▶ **Information shown**
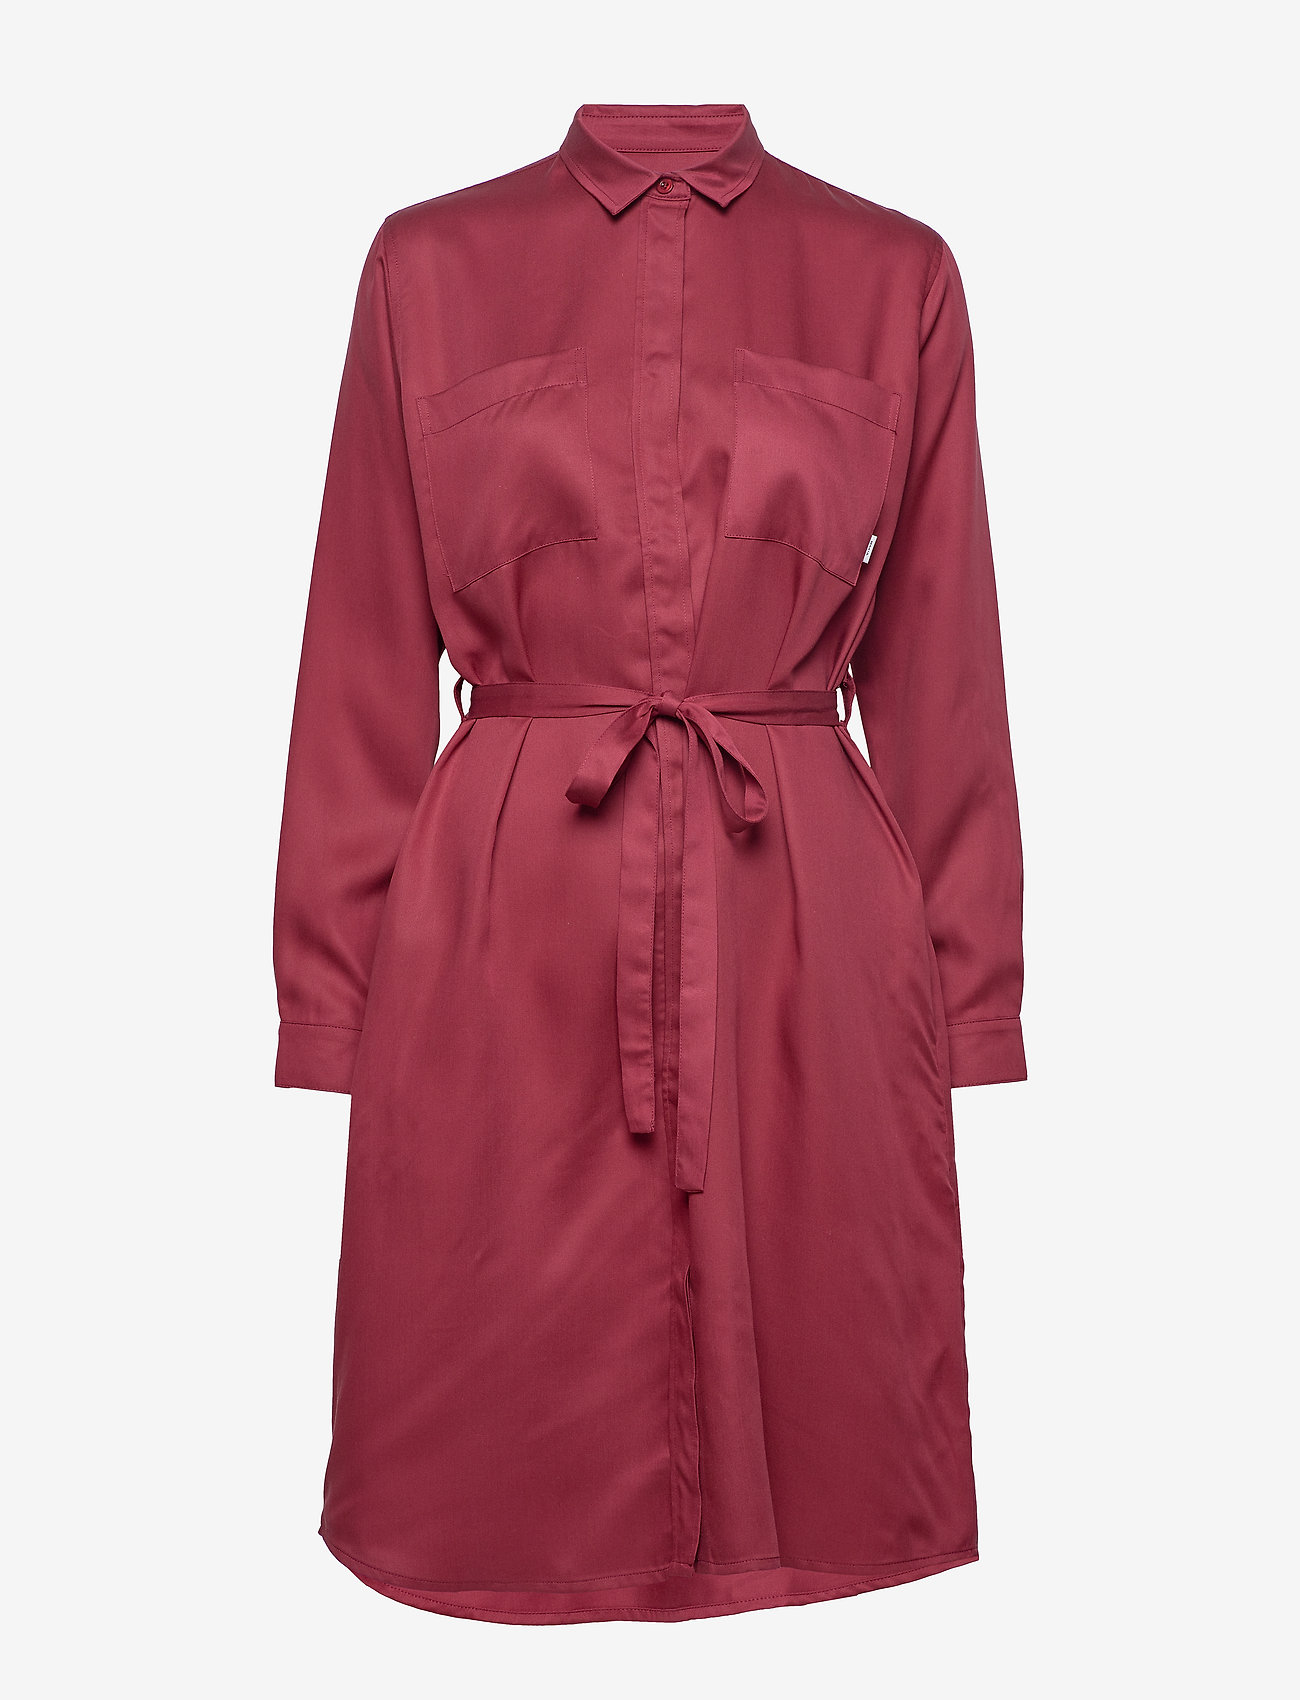 Makia Aava Dress- Robes cxKNlphX 6tTvh tcNVqlcm
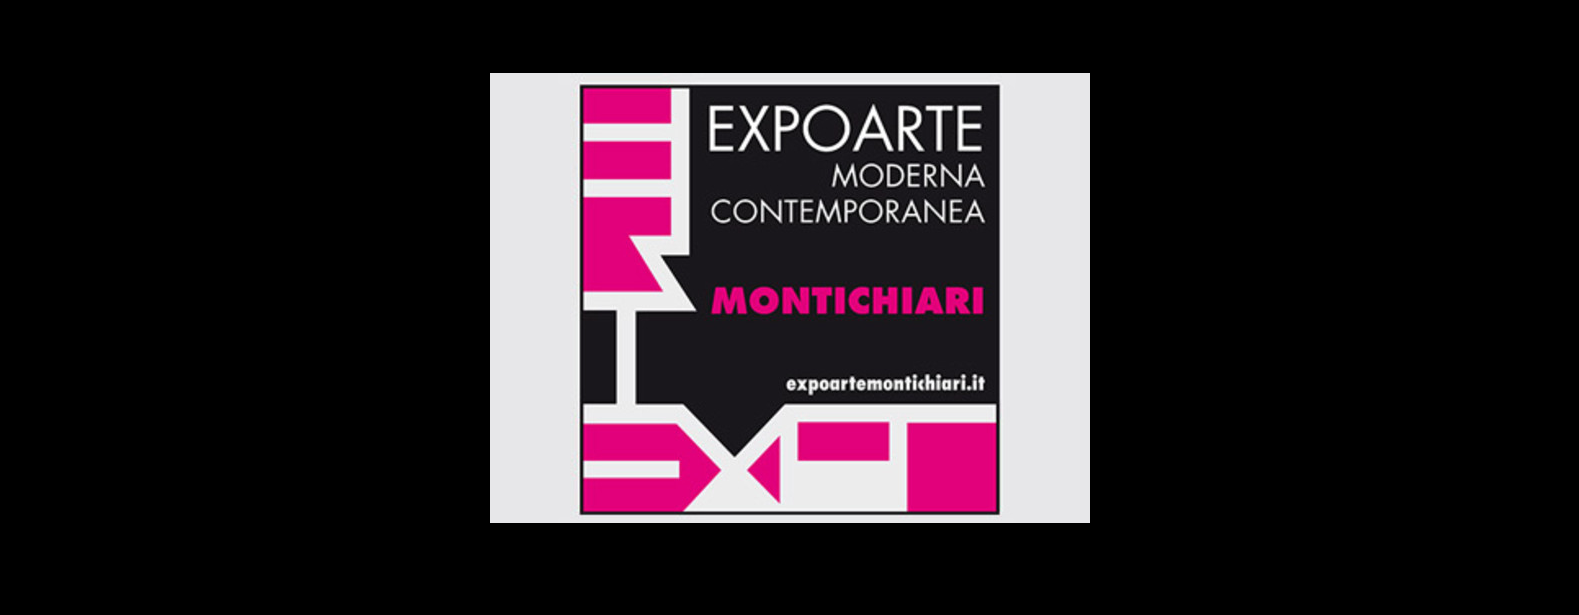 EXPOARTE MONTICHIARI 2020 Arte moderna e contemporanea
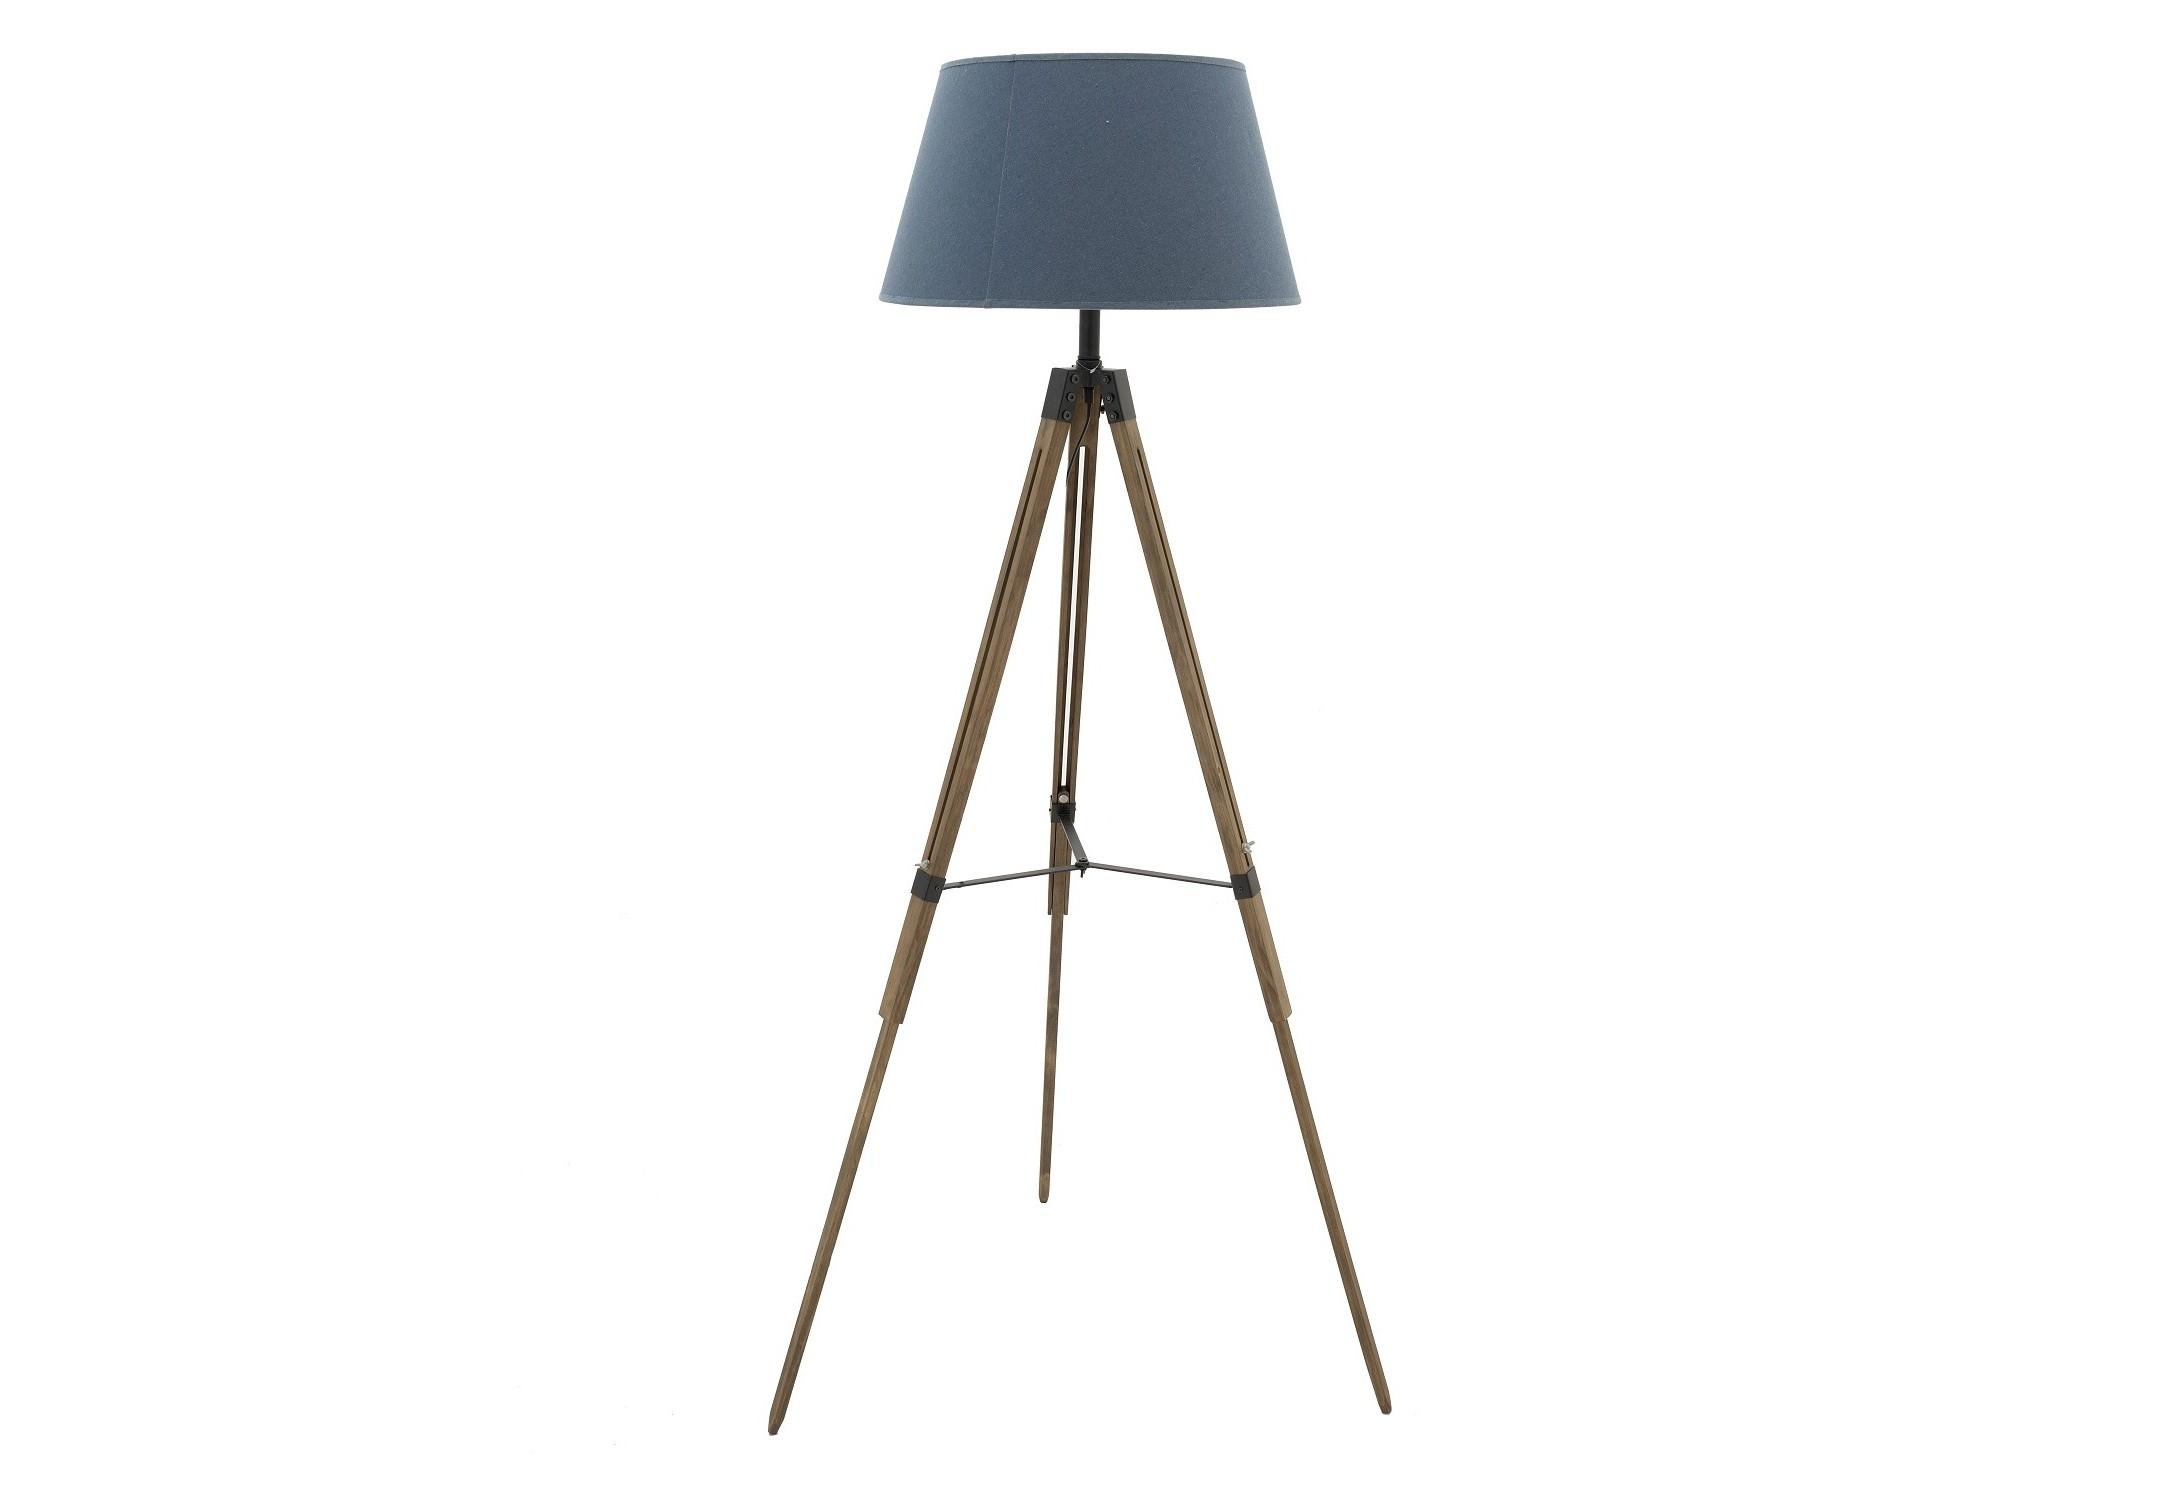 Лампа напольная BorgholmТоршеры<br>&amp;lt;div&amp;gt;Вид цоколя: E27&amp;lt;/div&amp;gt;&amp;lt;div&amp;gt;Мощность: &amp;amp;nbsp;60W&amp;lt;/div&amp;gt;Количество ламп: 1 (нет в комплекте)&amp;lt;div&amp;gt;Длина кабеля: 120 см&amp;lt;div&amp;gt;&amp;lt;br&amp;gt;&amp;lt;div&amp;gt;Материал: металл, пихта.&amp;lt;br&amp;gt;&amp;lt;/div&amp;gt;&amp;lt;/div&amp;gt;&amp;lt;/div&amp;gt;<br><br>Material: Дерево<br>Length см: None<br>Width см: None<br>Height см: 162<br>Diameter см: 50

▶ **Prompt**
Produce an exact copy of each line of data, skipping embedded images.

▶ **Finished task**
 Makia Aava Dress- Robes cxKNlphX 6tTvh tcNVqlcm
 EXPOARTE MONTICHIARI 2020 Arte moderna e contemporanea
 Лампа напольная BorgholmТоршеры<br>&amp;lt;div&amp;gt;Вид цоколя: E27&amp;lt;/div&amp;gt;&amp;lt;div&amp;gt;Мощность: &amp;amp;nbsp;60W&amp;lt;/div&amp;gt;Количество ламп: 1 (нет в комплекте)&amp;lt;div&amp;gt;Длина кабеля: 120 см&amp;lt;div&amp;gt;&amp;lt;br&amp;gt;&amp;lt;div&amp;gt;Материал: металл, пихта.&amp;lt;br&amp;gt;&amp;lt;/div&amp;gt;&amp;lt;/div&amp;gt;&amp;lt;/div&amp;gt;<br><br>Material: Дерево<br>Length см: None<br>Width см: None<br>Height см: 162<br>Diameter см: 50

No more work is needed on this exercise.